Emerging calm. I expect it to make a very big difference in my life.

The Mystic Tourist

Represent For My Subtle Acquaintance

My work with affirmations, (last post),  has kept me from posting. It gave me plenty to do but that did not include writing. It was a time to release and allow recovery. I am continuing my work with affirmations and anticipate it may interrupt my writing again. Working with affirmation gives creation application. My creative application is to restore to confidence the person I most enjoy and have known myself to be. Affirmation ends the injury of ill-conceived habits. They counter the replication of what is negative with something positive, or affirmative. Often in this process it is helpful to stand by and let the past recede into the past so that what is being chosen now can manifest.

We carry the past with us and so it is the future. If we want a different future then we need to carry, to the future, what we want into it from the past. How else will it get there?
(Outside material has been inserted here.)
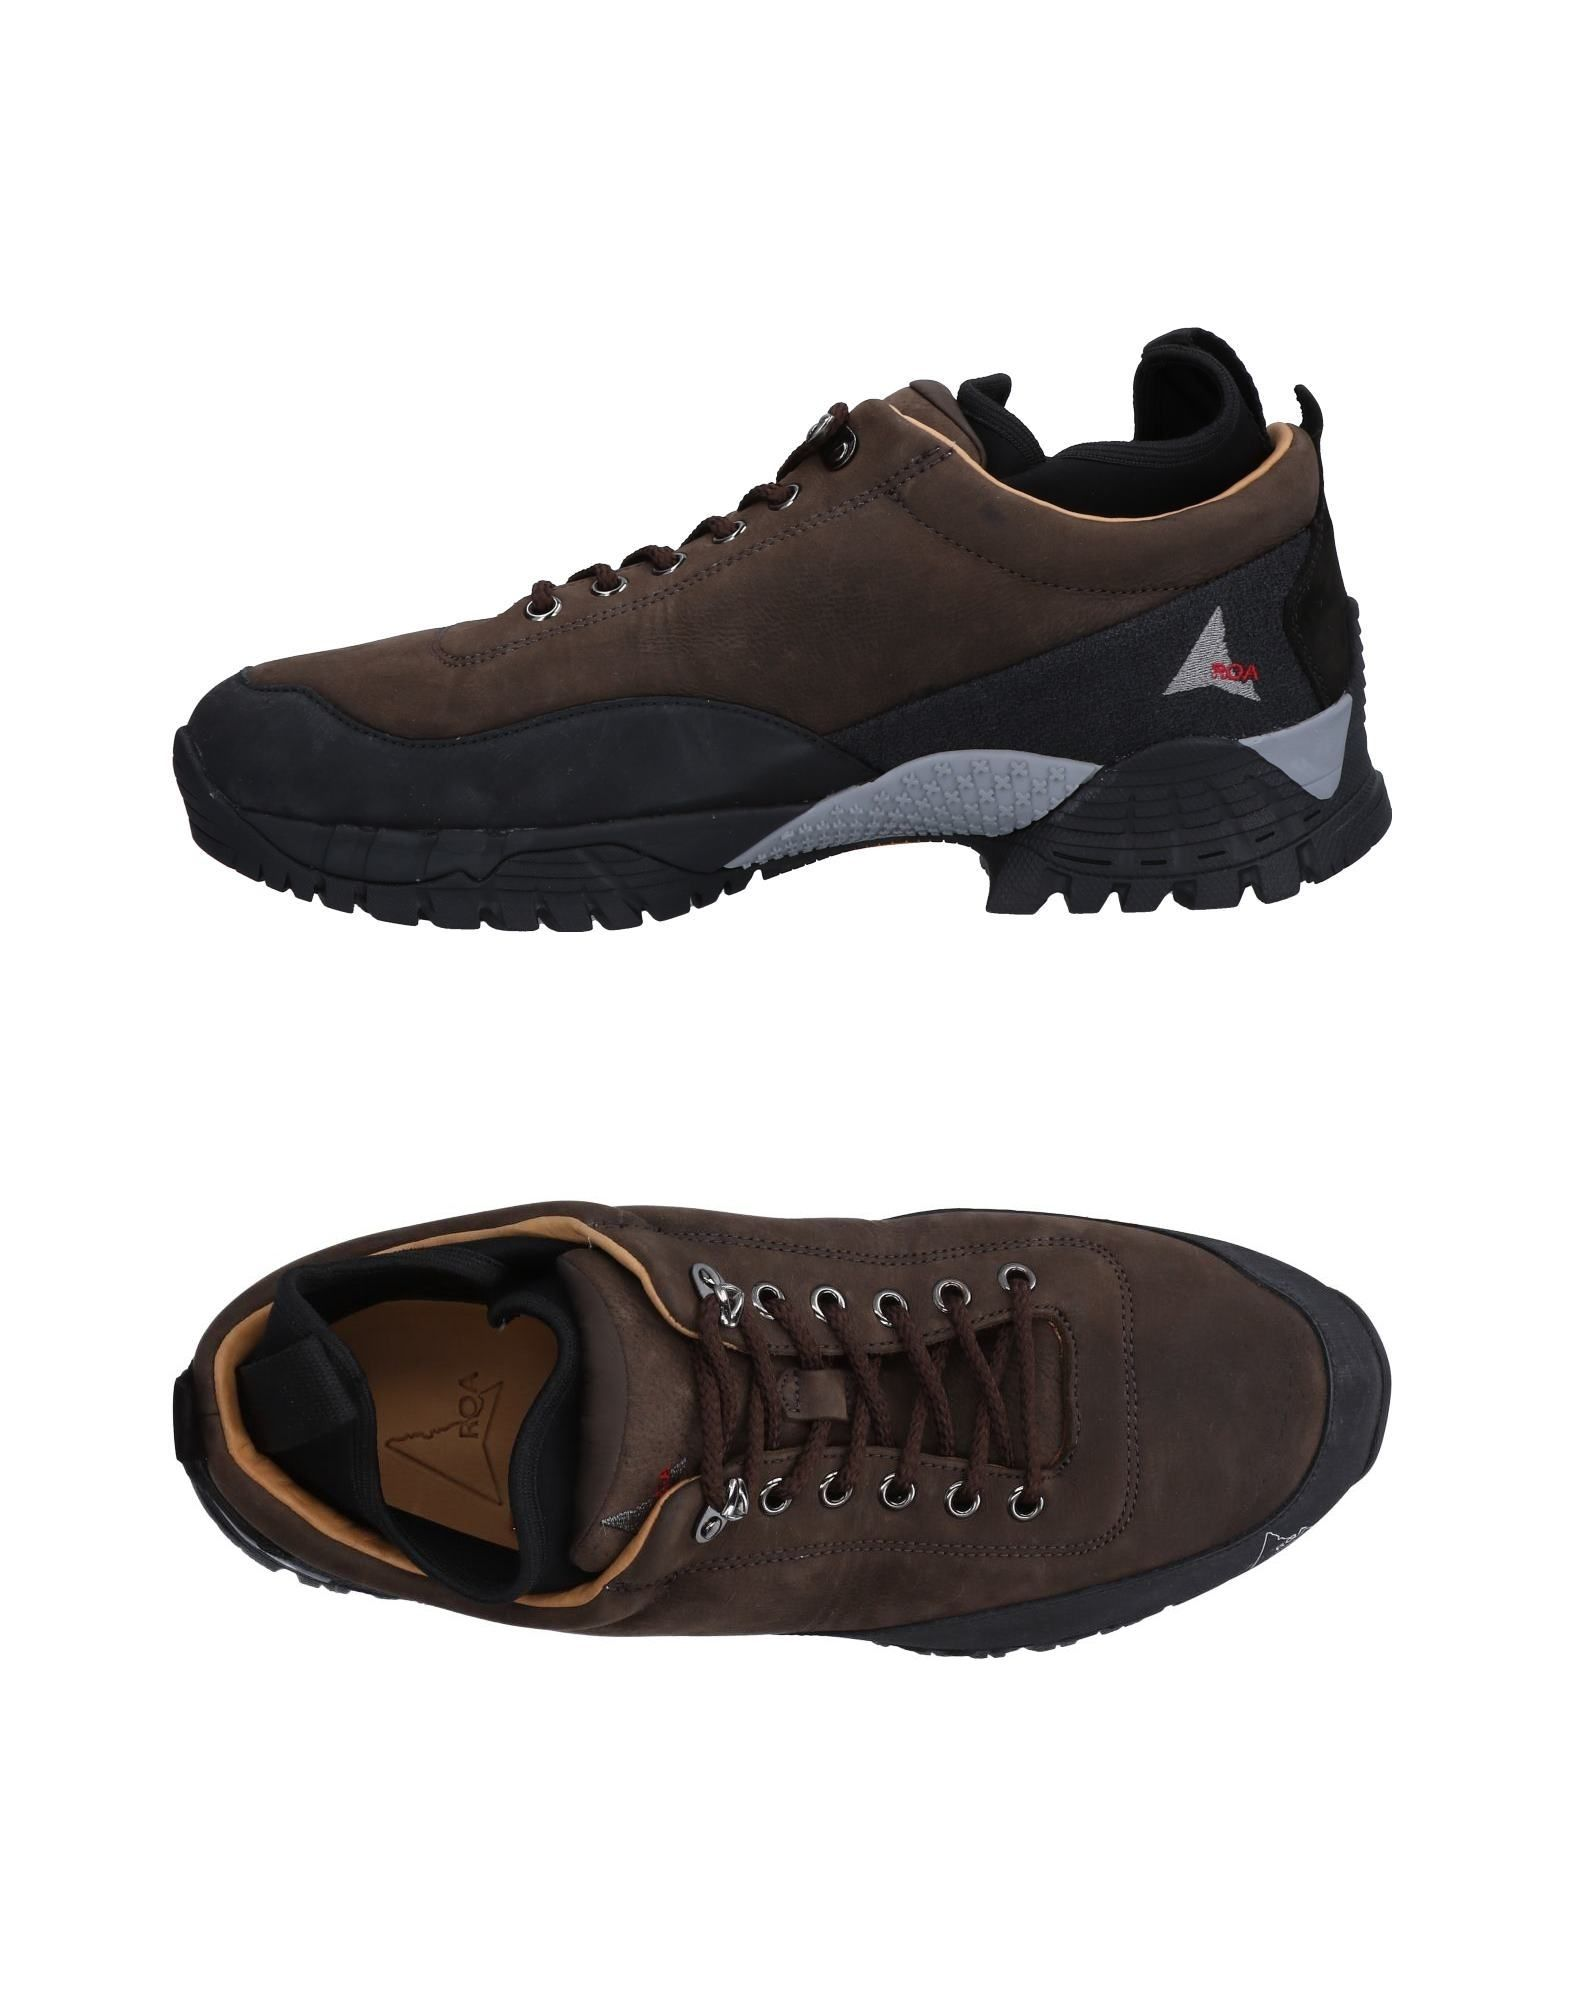 Roa 11520923EO Sneakers Herren  11520923EO Roa Gute Qualität beliebte Schuhe 0ad63f
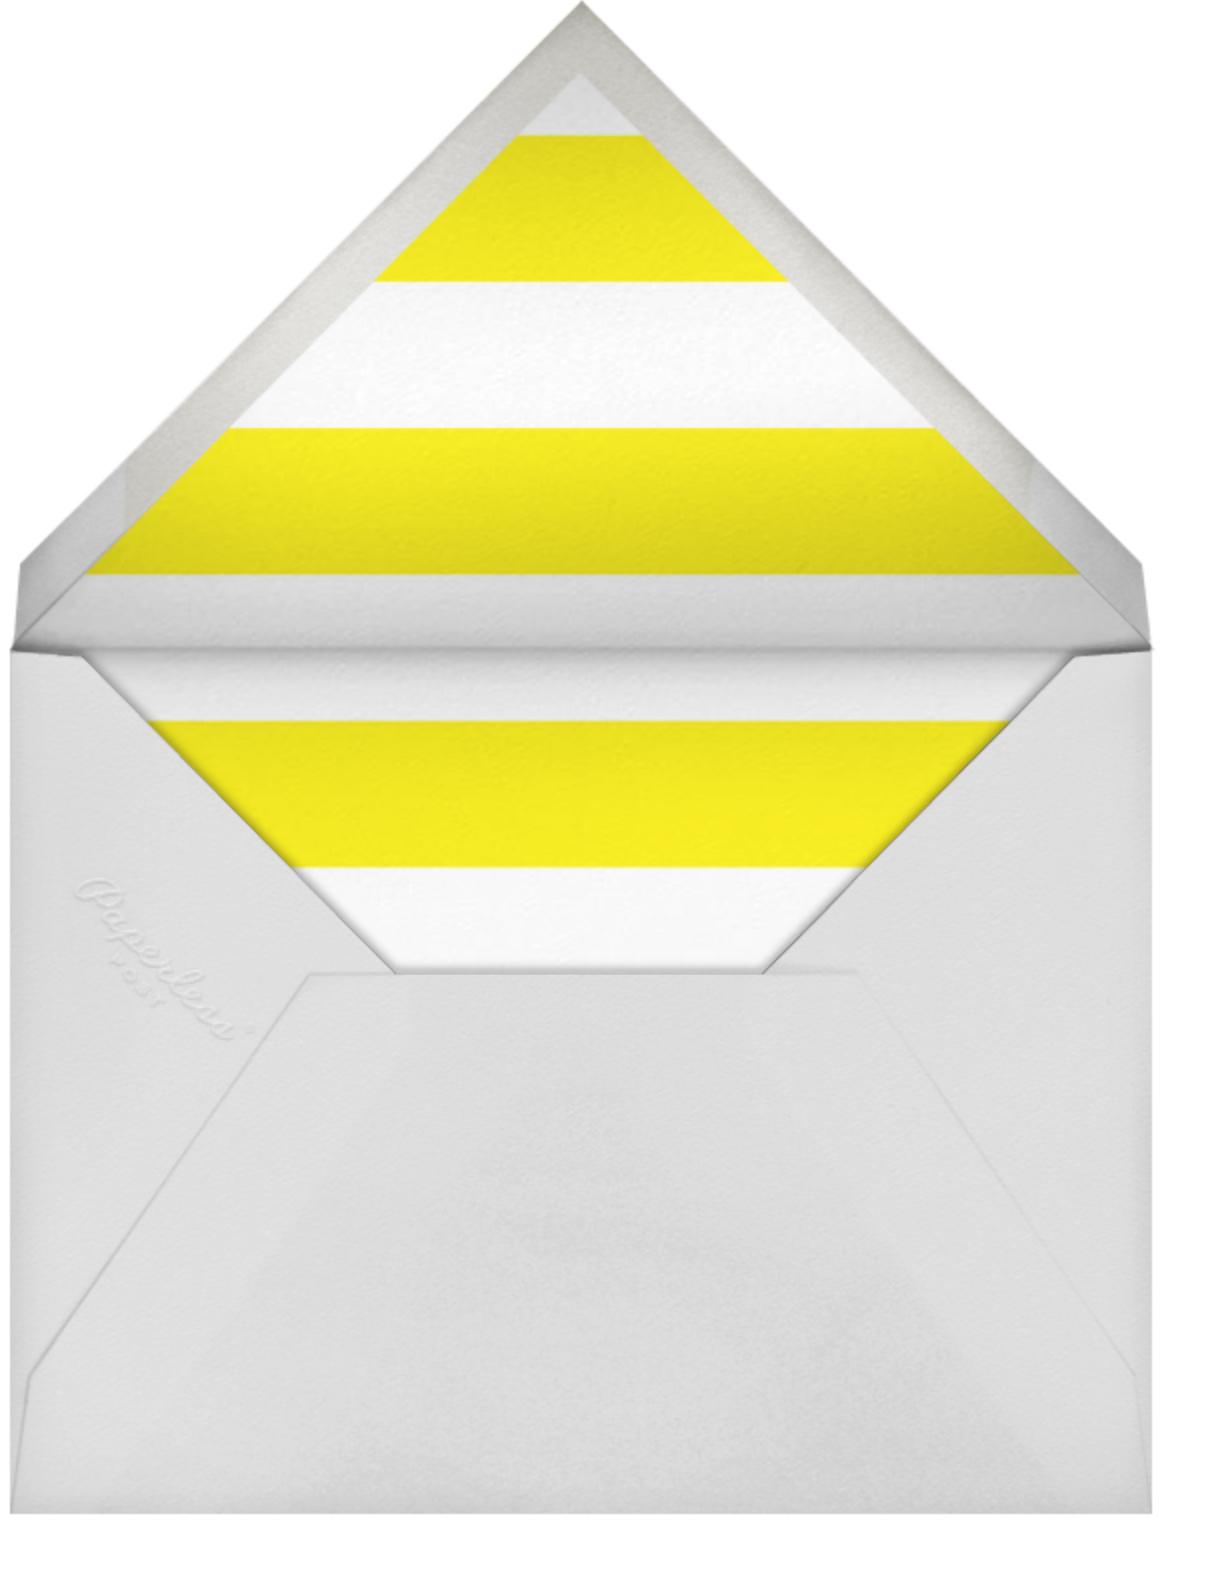 Stripe Suite (Invitation) - Yellow - kate spade new york - All - envelope back

One of the things I am working on now is restoring my place with Angels. I have had a falling out with them. Cognition of Angels is subtle and it takes very little to obscure our perception of them. It is easy to imagine they are there when they are not and just as easy to imagine they are not there when they are. There is a certain quieting of  self that allows Angels to introduce themselves, a certain calm. I call them Angels due to my culture. It is a word my culture affords me and is appropriate. I still have a tension I am holding onto that disrupts my calm and disallows quiet. Like everything else it is determined to repeat itself and so I must be more determined to correct it than repeat it . My preferred tool is the affirmation.

The relationship between Angels and humanity is controversial. Anyone can make such a claim,I see Angels, and credibility is immediately suspect. That is certainly understandable and is part of my personal tension. Why jump into this? We prefer to imagine some distant person has these experiences, someone from the past or future. The truth is people have these experiences and the past and future have nothing to do with it.  When we assign the experience to the past or the future it is simply something that never happens. Personally I was quite comfortable with my discreet personal experience of Angels but it seems that luxury is past and here again, I feel tension.

I know, from personal experience, that my use of affirmation, will squelch the distractions born of my various tensions. I will be able to marry the past and the future and bring reconciliation into our singular appointment, now.